Для каждого свѣжаго человѣка ясно было, что къ 80-м годамъ не только литература романтическаго оттенка, но и реализмъ въ его крайнихъ проявленіях — перестали волновать попрежнему душу молодыхъ генераций.
Въ 1878 г. во время выставки, собрался первый по счету международный литературный конгресс. Почётным его президентомъ былъ Викторъ Гюго, а президентомъ на очередных засѣданіяхъ И. С Тургеневъ, избранный тогда «par acclamation». По русскому отдѣлу меня выбрали вице-президентом. И на этом конгрессѣ французская беллетристика была почти исключительно представлена романистами и хроникерами самого узкого профессiональнаго характера. Конгресс былъ созвань обществомъ писателей — («Société dcs gens do lettres») куда почти исключительно поступают беллетристы занимающиеся производствомъ фельетонныхъ романовъ. Для этого класса литераторовъ, который до сихъ поръ еще преобладаетъ на парижскомъ бульварѣ—и поднявшій тогда голову реализмъ былъ почти ересью. Врядъ ли многіе мнѣ повѣрятъ, если я припомню, что на банкетѣ, подъ предсѣдательствомъ Виктора Гюго, когда я позволилъ себѣ предложить тостъ за отсутствовавшаго тогда больного Флобера — тостъ этотъ былъ встрѣченъ весьма сухо и только два-три молодыхъ писателя подошли ко мнѣ благодарить за эту память; а сидѣвшій рядомъ со мною собратъ, какой-то фельетонный романистъ, даже спросилъ меня:
— Что же такого особеннаго написалъ Флоберъ?
На этомъ банкетѣ отсутствовали всѣ тогдашніе реальные романисты: Гонкуръ, Зола, Додэ. Мопассанъ еще не былъ извѣстенъ.

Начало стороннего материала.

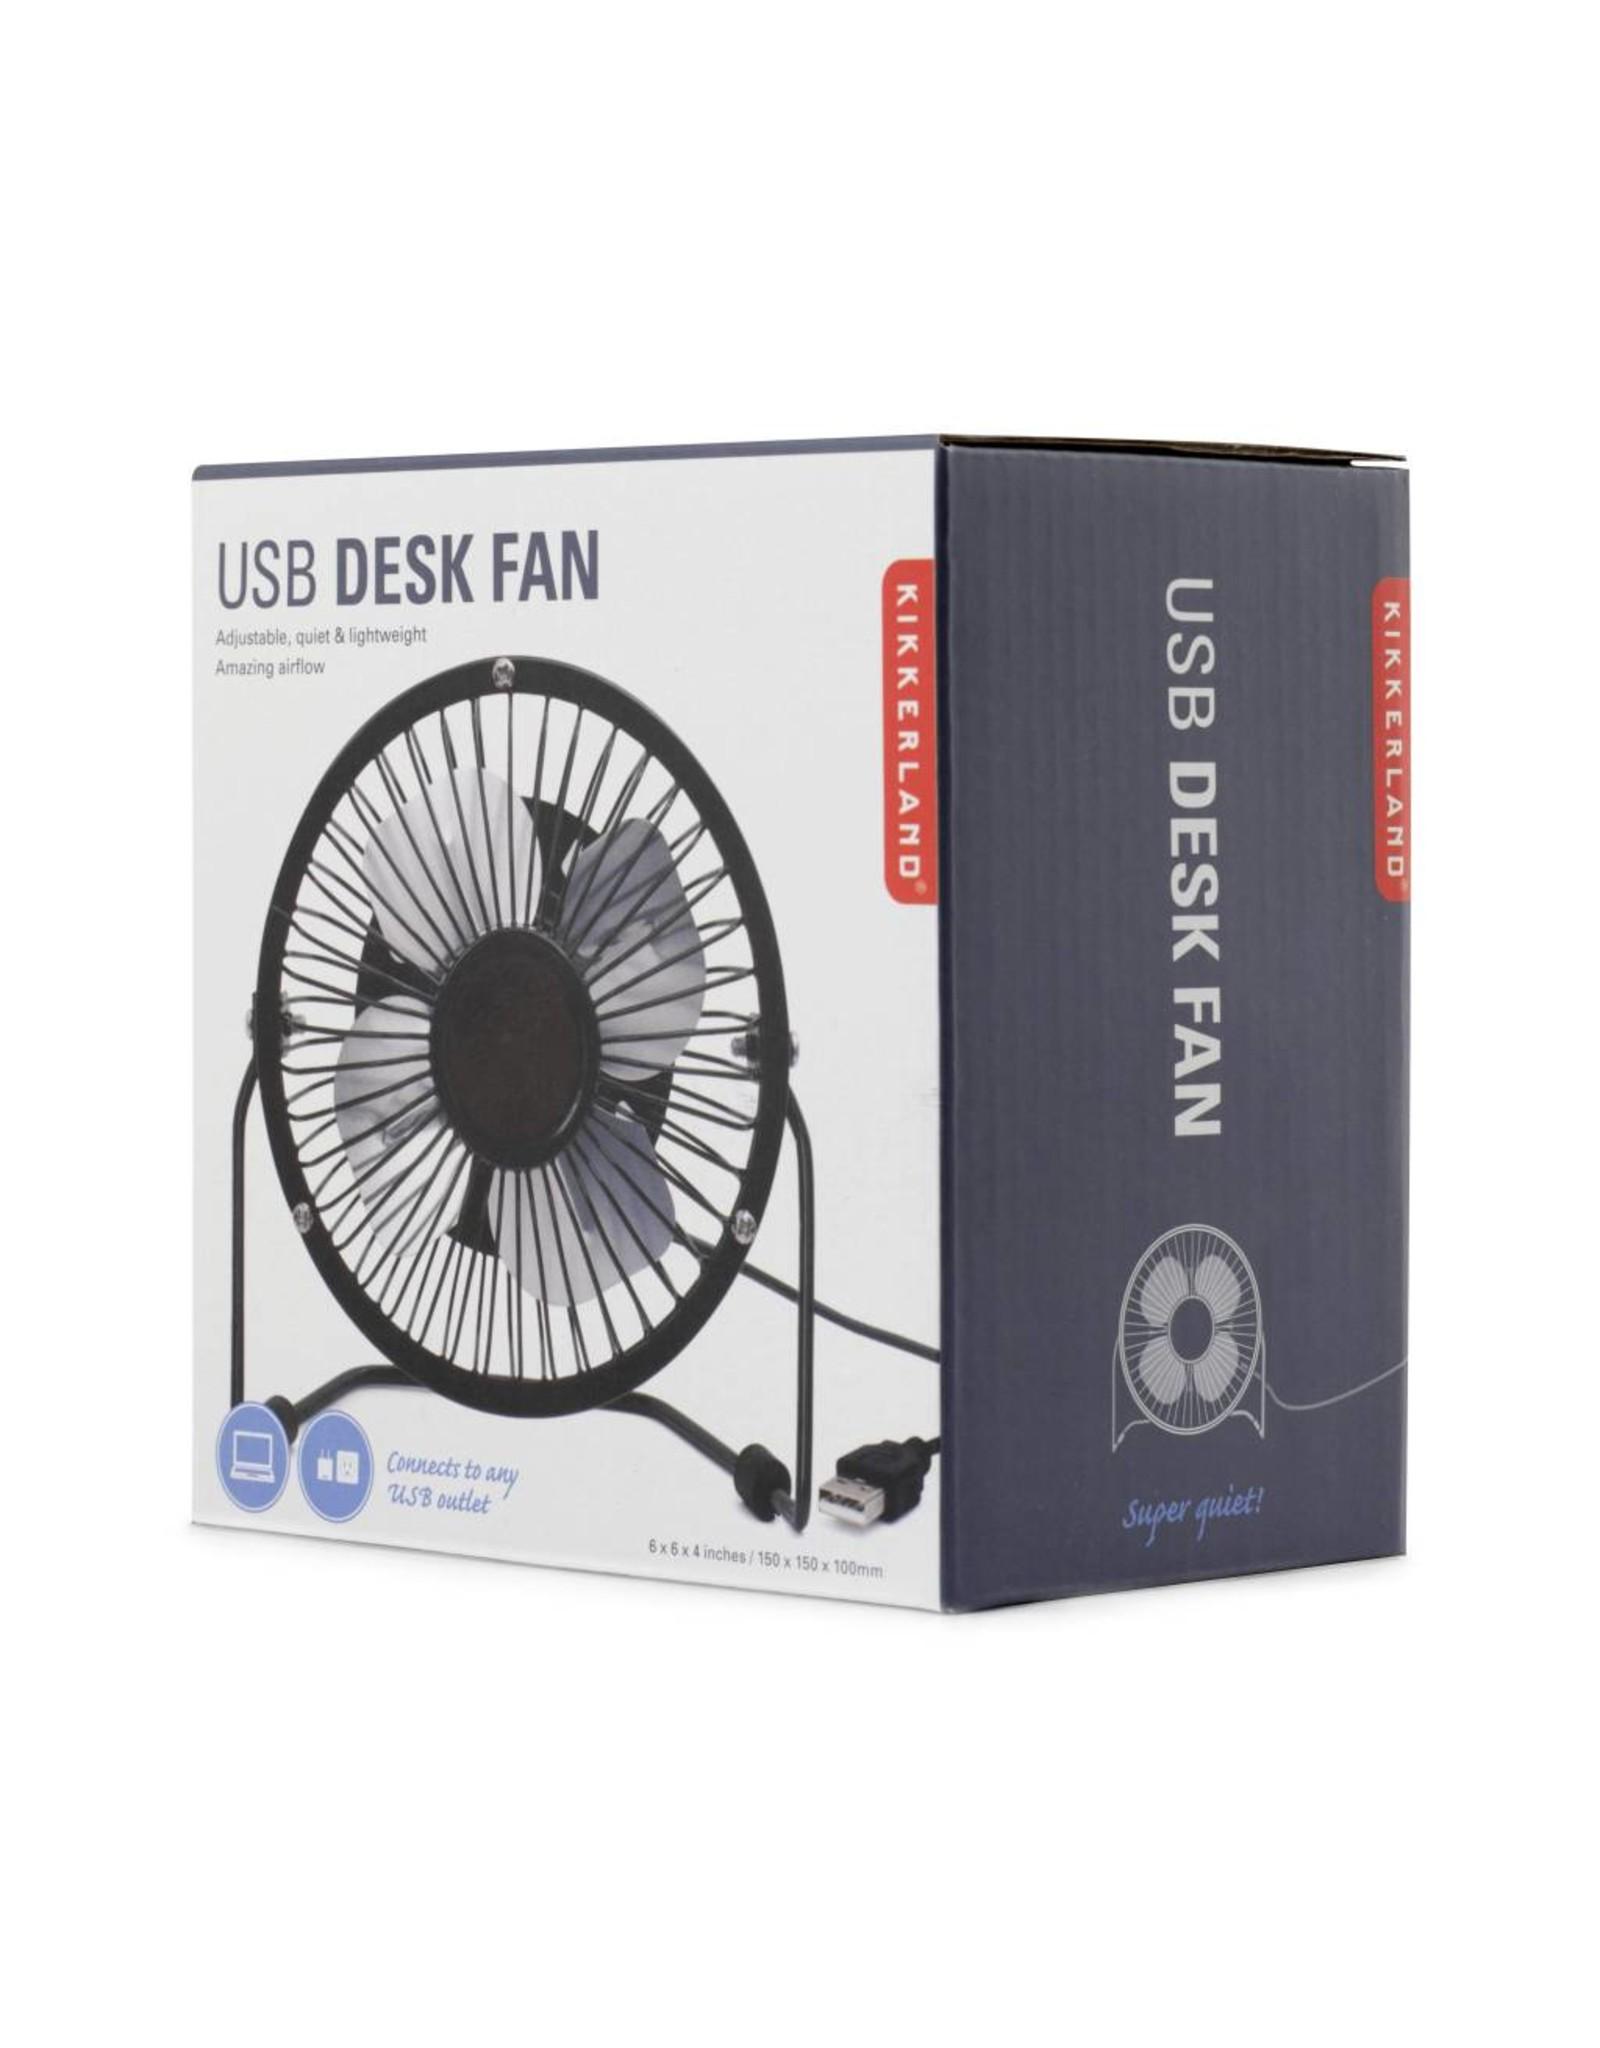 desk fan - USB (black)

Вся литературная братія, которой принадлежалъ парижскій книжный и газетный рынокъ, призывали только патентованныя имена и въ поэзіи, и въ романѣ, и въ драмѣ и, разумѣется, безусловно преклонялась предъ «поэтомъ-солнцемъ». Прошло уже нѣсколько лѣтъ, какъ Викторъ Гюго вернувшийся изъ изгнанія, жилъ въ Парижѣ домомъ, превратившись заживо въ легендарную личность. Тогда собственно я и имѣлъ случай присмотрѣться къ нему, и слышать его рѣчь, произнесённую на торжественномъ собраніи въ театрѣ Chatelot. Ему было уже подъ восемьдесятъ лѣтъ; но говорилъ онъ еше зычным нѣсколько картавымъ голосом съ интонаціями старыхъ актеровъ. Лицо, съ сѣдыми какъ лунь волосами уже носило явственные слѣды старчества; но держался онъ еще довольно бодро и рѣчь свою читалъ все время стоя. Всѣмъ было извѣстно— въ какихъ уничтожающихъ выраженіяхъ онъ тогда отзывался о романистахъ реальной школы, хотя Флоберъ, оставшійся до самой смерти своей въ душѣ романтиком, раздѣлялъ культъ Виктора Гюго и любилъ громовымъ голосомъ нараспѣвъ цитировать его стихи.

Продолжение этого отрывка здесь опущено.